Individualism is not an economic principle; it is an ideology, as Alan Greenspan, former governor of the Federal reserve, made it clear during the Crisis. As an ideology, individualism doesn’t belong to science. This is fine as long as it doesn’t contravene the laws of Nature. But once it does, it becomes a harmful superstition. It turns out that individualism and scarcity are incompatible. Scarcity is a global, system-level, property. Individualism is exactly the opposite. Scarcity prevents one from getting something for nothing. Individualism allows one to take advantage of others, as in social dilemmas and tragedy of the commons, not to mention musical-chairs games. The two principles therefore cannot get along easily. 4

Individualism has been invalidated by a large number of studies showing how herd behavior, imitation, and groupthink dominate human interactions. Modern theory of finance follows the footstep of the French mathematician, Louis Bachelier, in his 1900 Ph.D. thesis, Theory of Speculation. Bachelier assumes that speculators’ decisions at any moment of time are random and independent, which is the foundation of the Efficient Market Hypothesis today. The great mathematician Henri Poincaré, Bachelier’s advisor, was not very enthusiastic about this assumption. He wrote: When men are brought together they no longer decide at random and independently one of another; they influence one another. Multiplex causes come into action. They worry men, dragging them to right or left, but one thing there is they can not destroy, this is their Panurge flock-of-sheep habits. And this is an invariant. (Emphasis added.)

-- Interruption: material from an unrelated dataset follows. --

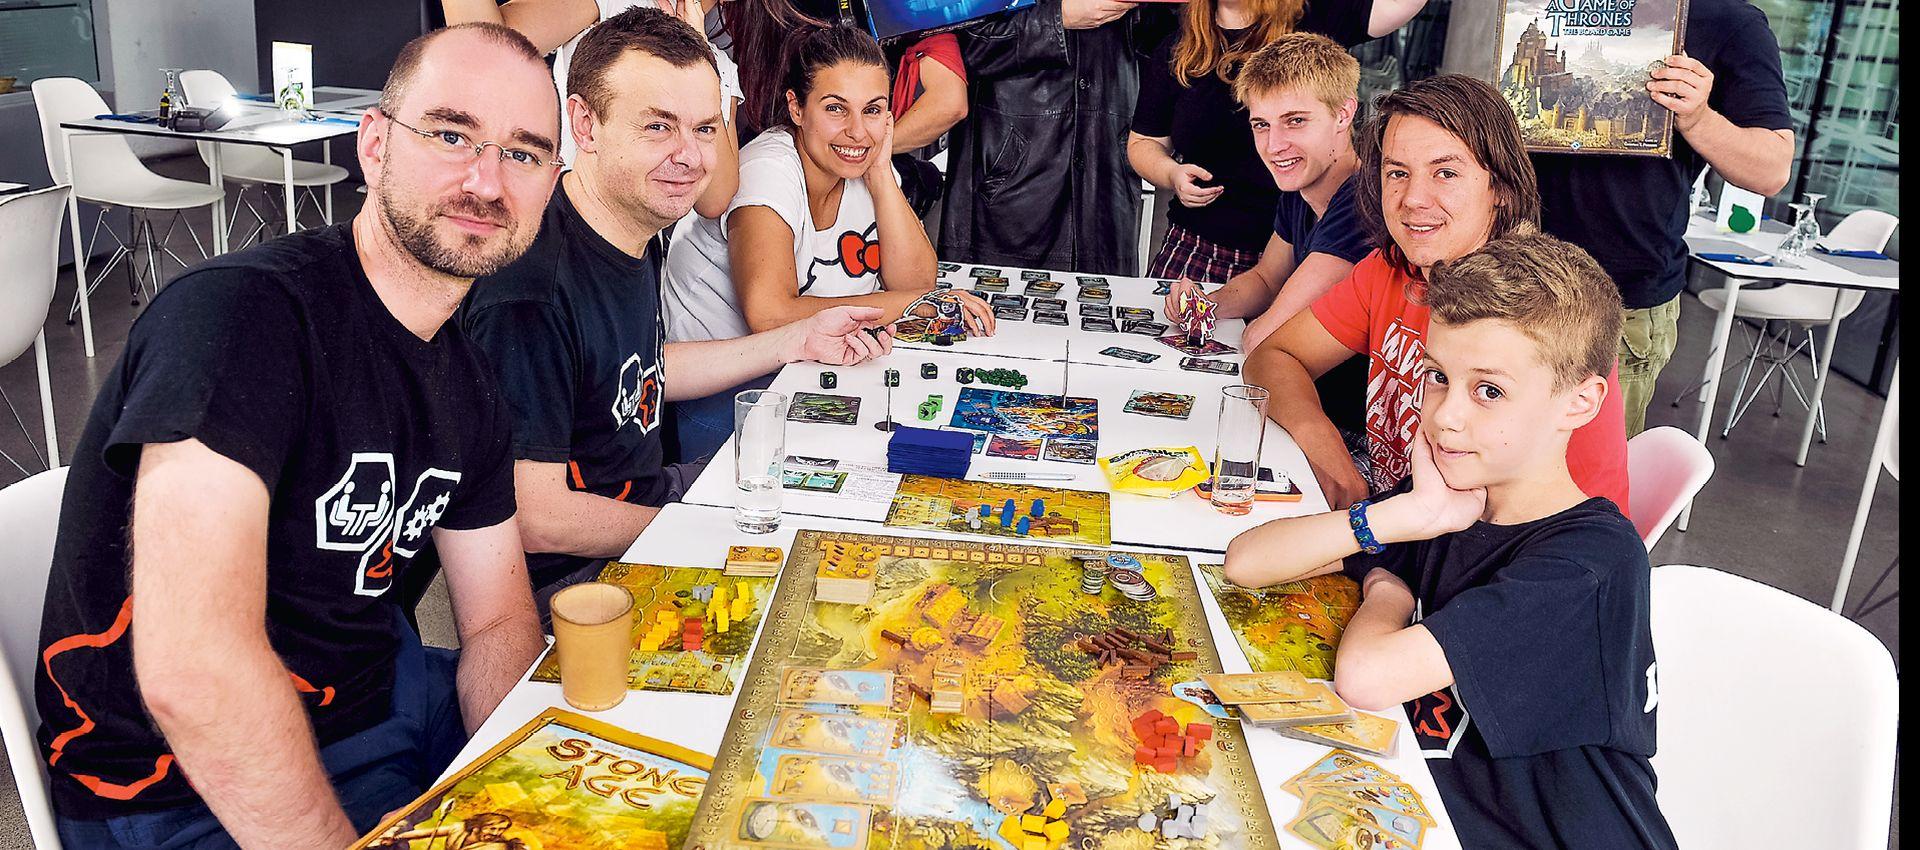 Tržište društvenih igara u Hrvatskoj sve je razvijenije, ulazi u svoje 'zlatno doba'

Scientists call something “invariant” if it is a conserved property of the system. Conserved properties are essential for proper scientific investigation. So, if we are to develop the science of social behavior, including economics, we ought to embrace group-behavior as a basic axiom of social interactions that puts limits on individualism. In this manner, we will be able to view the world in three dimensions, and, thus, give up trying to cheat Nature. ❋❋❋

There is no contradiction between free will and science. Free will has limits, and science provides us with these limits. “Science is only possible because some things are impossible,” writes Oxford physicist John Barrow. We are free to choose, but we are not free to have the cake and eat it. We may choose only one or the other. And this tradeoff is the essence of economics. Science and economics, therefore, have the same subtle, but non-malicious, Lord.